I vaguely remember reading some years ago that the claim that there is no "added lead" doesn't mean that there isn't any already existing lead in the clay. But I may be confusing that with slow cookers in general.

Also, check out the Amazon reviews. It sounds like the clay may be fragile and one reviewer reported that her clay got moldy.

Yikes!!

~Cath


----------



## dtomlinson (Nov 26, 2012)

Cath, I believe you are right. One Amazon user put the following quote in her product review for the Dr. Weil 9801 7-qt Slow Cooker, in which the company itself purports that there IS naturally occurring lead in clay. I've underlined this section below. The Dr. Weil moderator also said however that there is no lead used in the company's glaze.

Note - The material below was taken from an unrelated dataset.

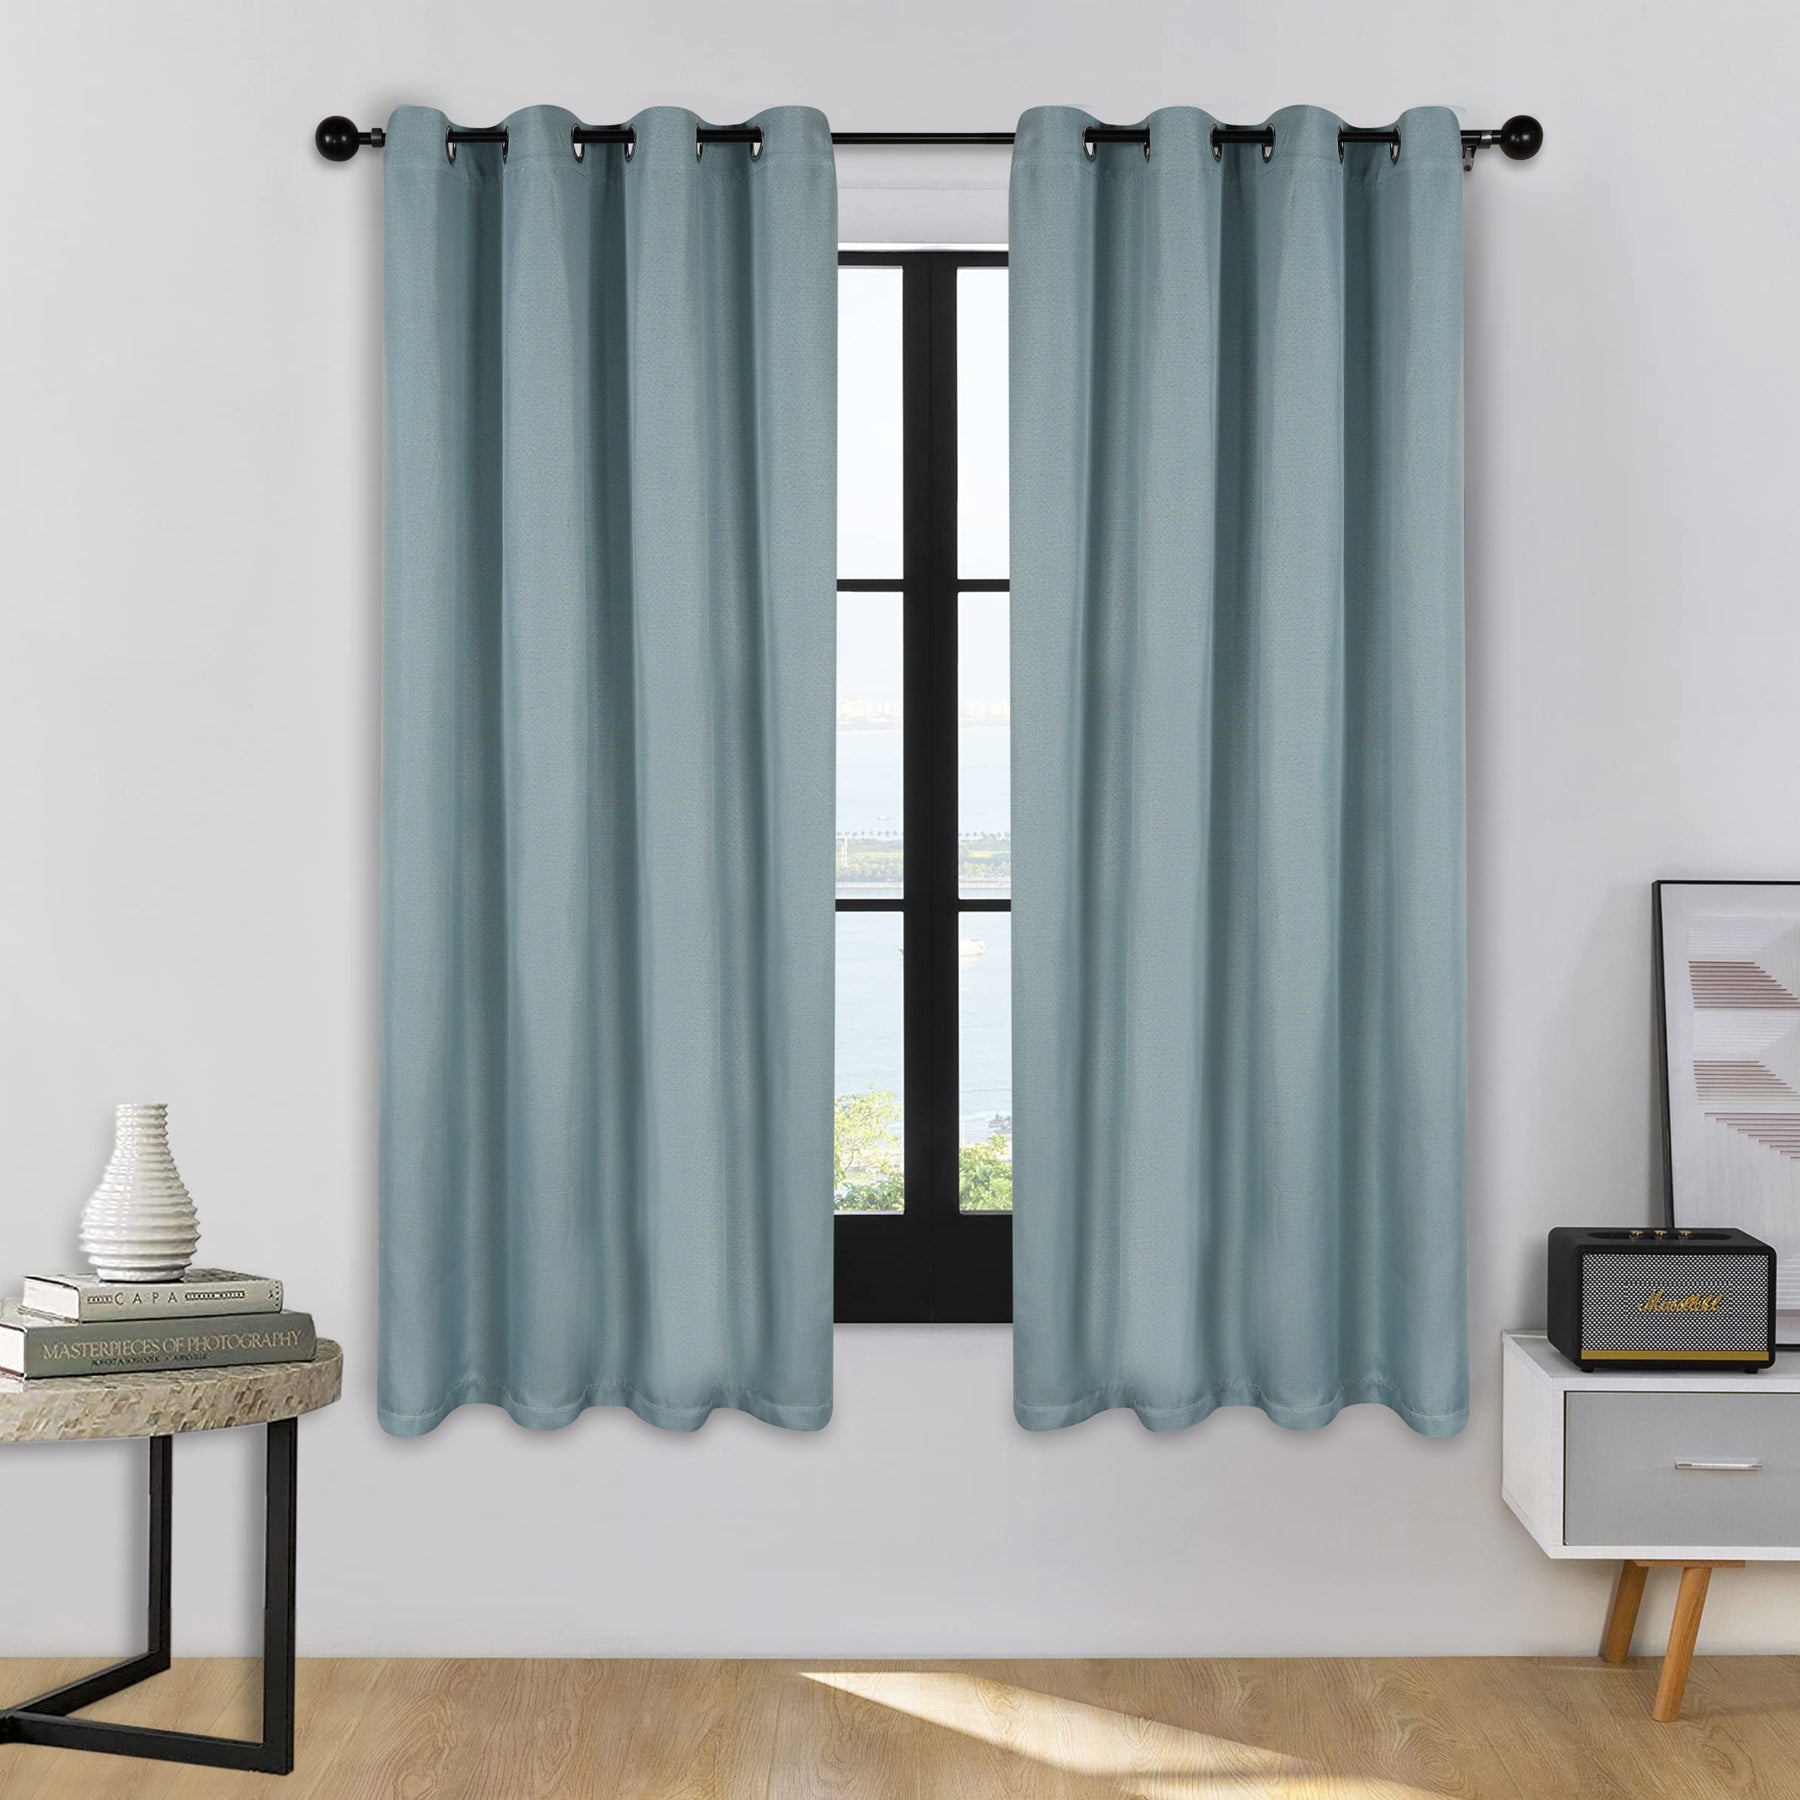 Linen Pattern Washable Room Darkening Blackout Curtains, Set of 2 - Teal

This was from a site moderator with whom the reviewer spoke: "The Dr. Weil Slow Cooker utilizes a ceramic crock with a hardened glaze. All ceramics contain a minute amount of naturally occurring lead. The glaze coating prevents any of the materials, including the very minute amount of lead from entering the food. There is no lead used in the body or any of the parts of the slow cooker or in the glaze. This product is completely food safe and FDA approved. If for any reason the crock chips or breaks, it is still safe by FDA standards, but you may feel more comfortable throwing it away and we will replace the crock."

Her full Amazon product review can be found here: http://www.amazon.com/review/R25TQBSKF5GNGZ

I'm interested in buying one of these and doing some testing on it. It's literally the only one I've found that can even begin to be recommended.


----------